Quando tomava posse, a 14 deste mês, o PR afirmou, de entre várias coisas, que iria pautar por uma governação transparente. Quando empossava os ministros, vice-ministros e os governadores provinciais, uma semana depois, Armando Guebuza pediu-lhes para que se assumissem, sempre e sempre, como servidores do país, actuando com transparência e inclusividade. A falta de transparência leva, quase sempre, à corrupção. Um dos mais céleres mecanismos de ‘controlo’ dos titulares é o estabelecimento de regras de conflitos de interesses e a declaração de bens.
A lei número 7/98, de 15 de Junho, que é regulamentada pelo decreto número 48/200, de 5 de Dezembro, estabelece algumas regras sobre como isso deve ser feito em Moçambique. Depois de empossados, tanto o PR como os ministros e vice-ministros são obrigados a apresentar uma declaração dos seus bens, sendo ainda obrigados a proceder à sua actualização, numa base anual.
Mas a utilidade prática da declaração de bens é muito diminuta, sobretudo, no que toca à monitoria das actividades governativas, por parte da imprensa e da sociedade civil. Apenas o PR, o PM, a Assembleia da República e a Procuradoria-Geral da República é que podem ter acesso a essas declarações, que as devem solicitar por escrito, quando tal se mostra justificável, ao Conselho Constitucional, onde as depositam.

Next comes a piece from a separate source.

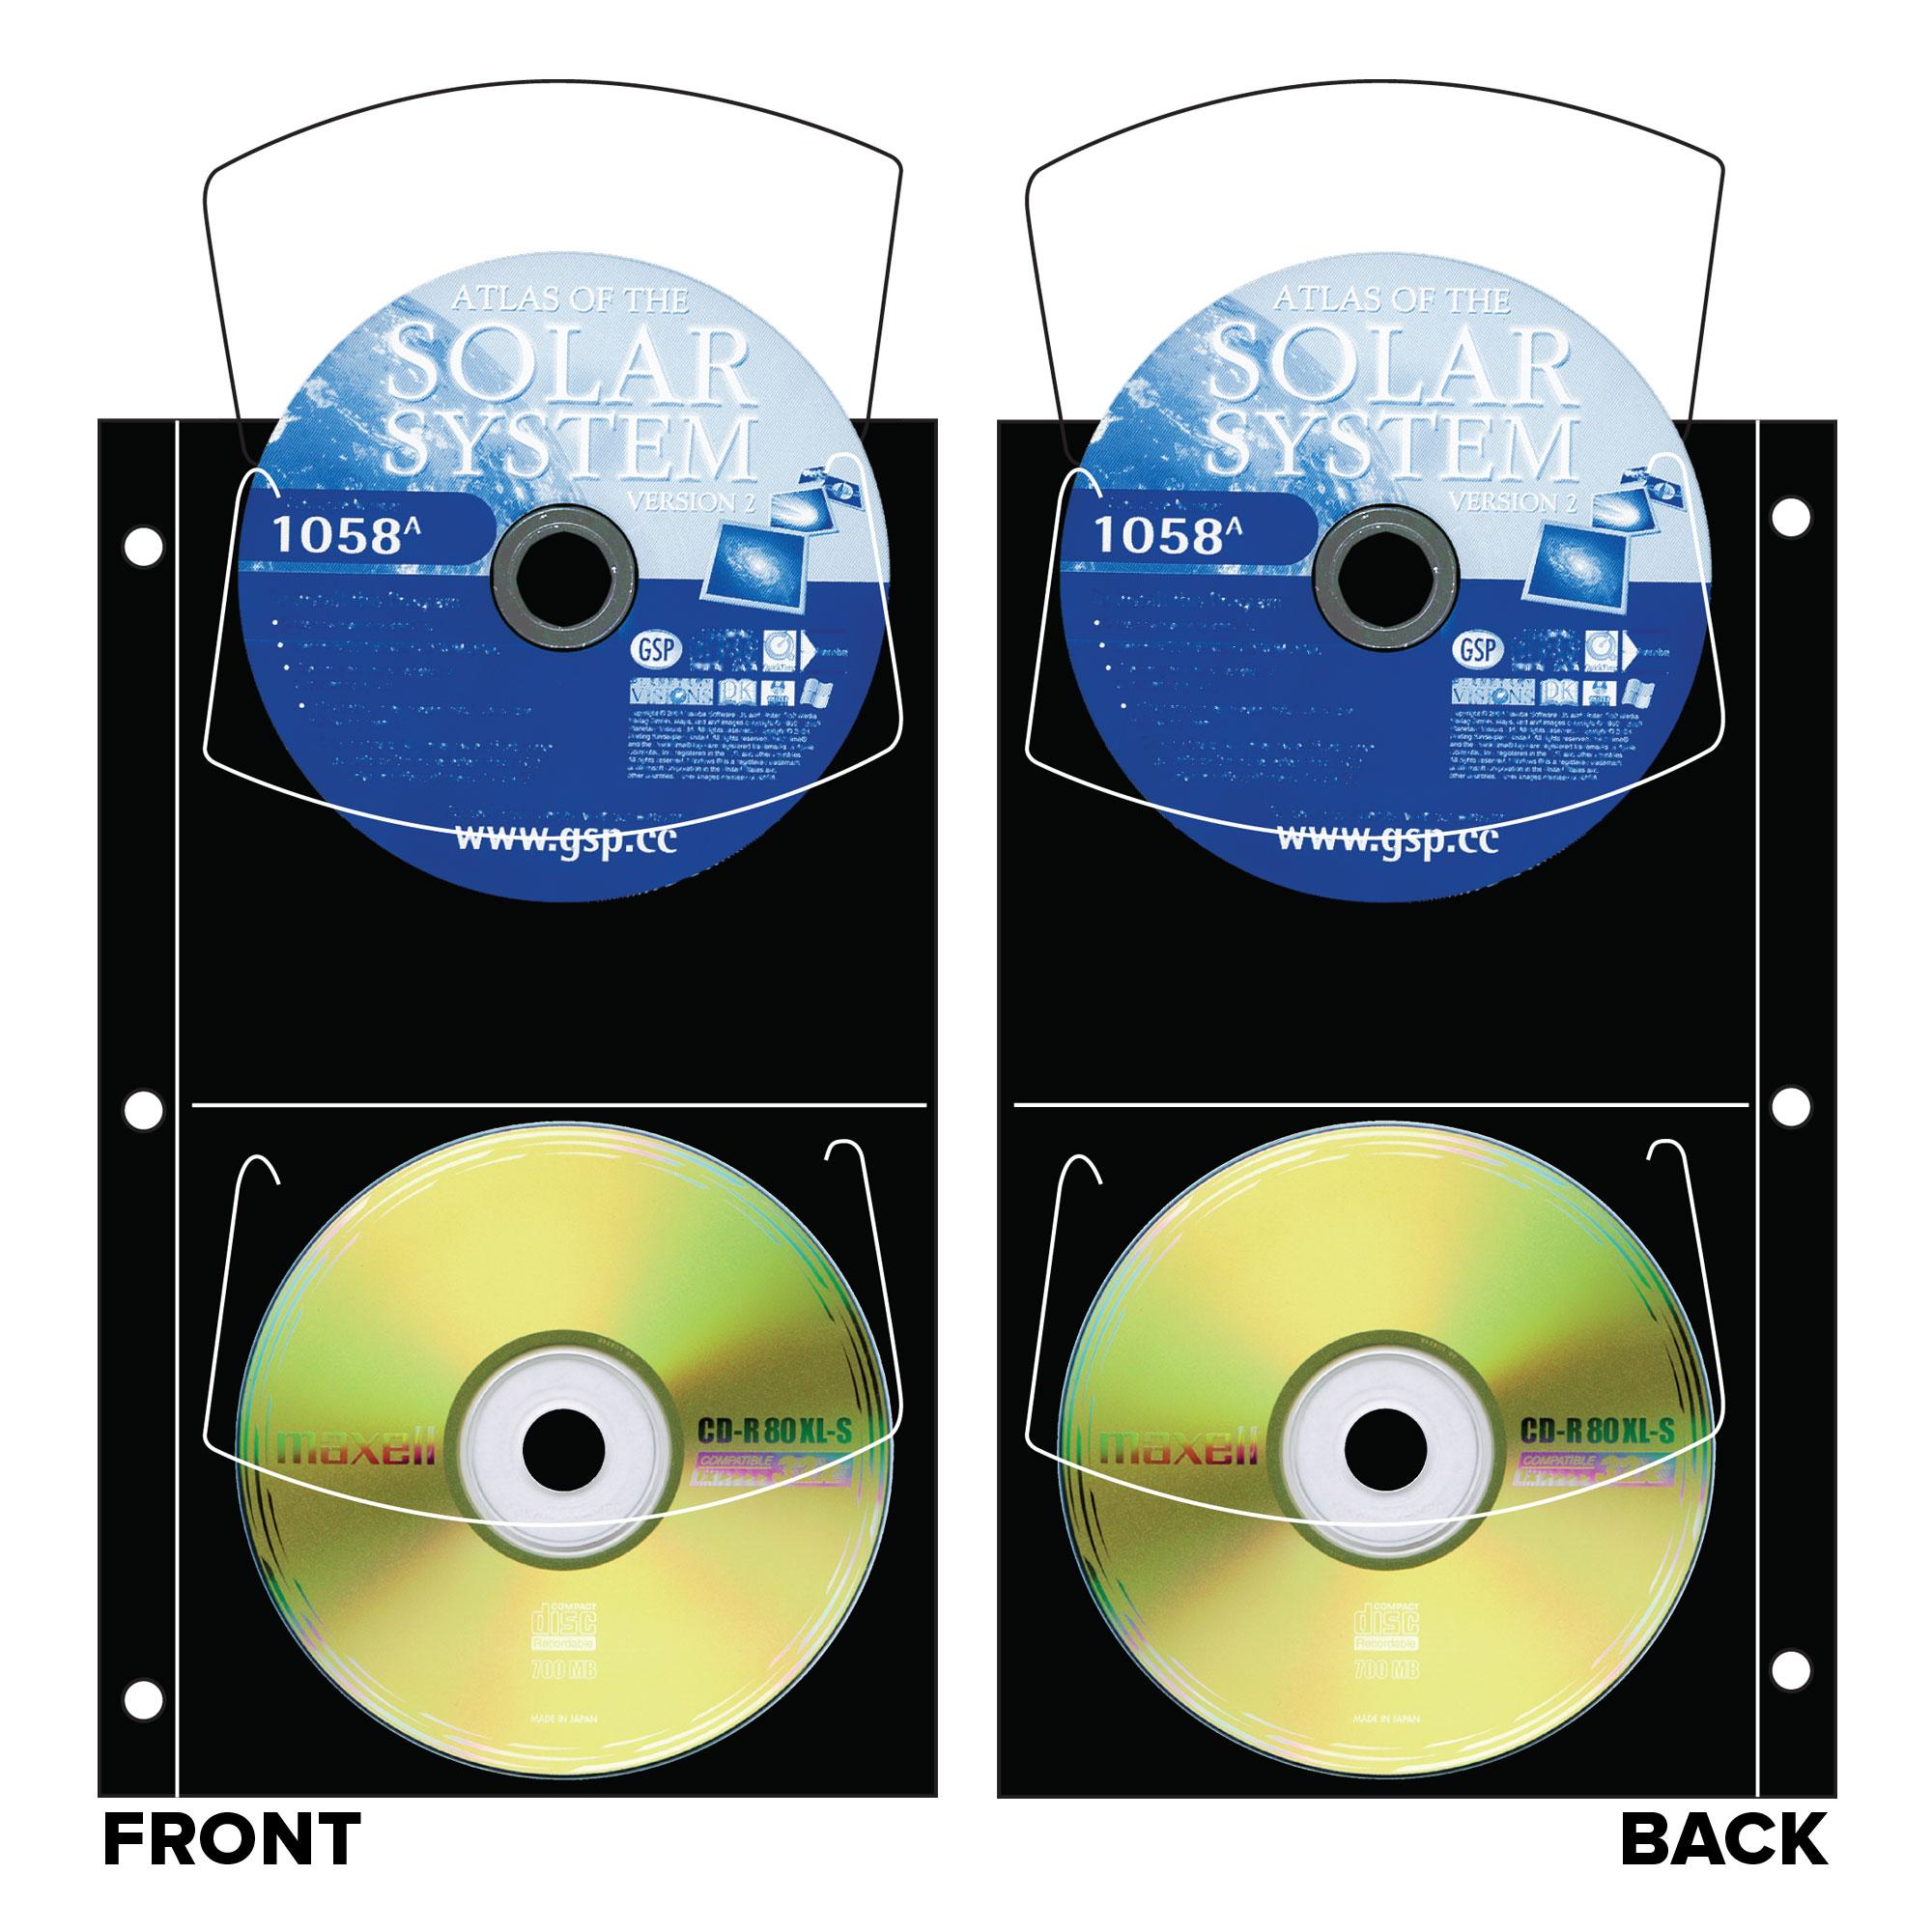 CD/DVD Archival Quartet refills Slimline (4 CDs)- Black pack of 10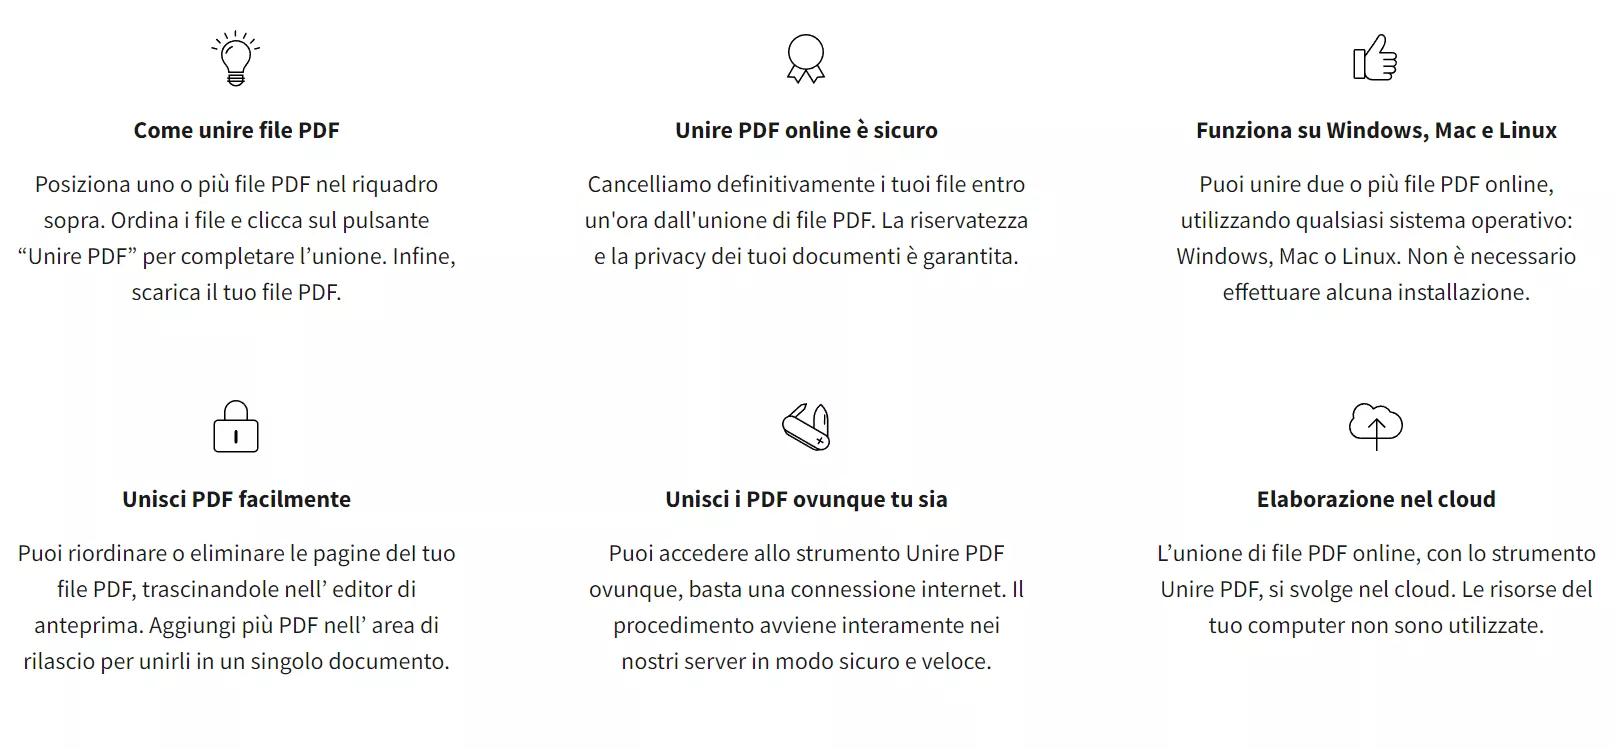 Vantaggi e svantaggi dell'unione di PDF con Smallpdf

Na verdade, as declarações de bens são protegidas pelo “segredo da justiça” e a sua “difusão indevida” sancionada nos termos da lei, conforme refere um estudo datado de 2004 sobre ‘Corrupção em Moçambique’, da autoria do jornalista e pesquisador Marcelo Mosse.
O secretismo quanto aos aspectos respeitantes ao PR, PM, ministros, vice-minitros e governadores provinciais é tão agudo no país que mesmo os seus salários e regalias não são tornados públicos, sendo apenas operacionalizados por via do chamado “despacho interno”, de circulação restrita na Presidência da República e no Ministério das Finanças, e ‘altamente protegido’ por um ‘estranho código’.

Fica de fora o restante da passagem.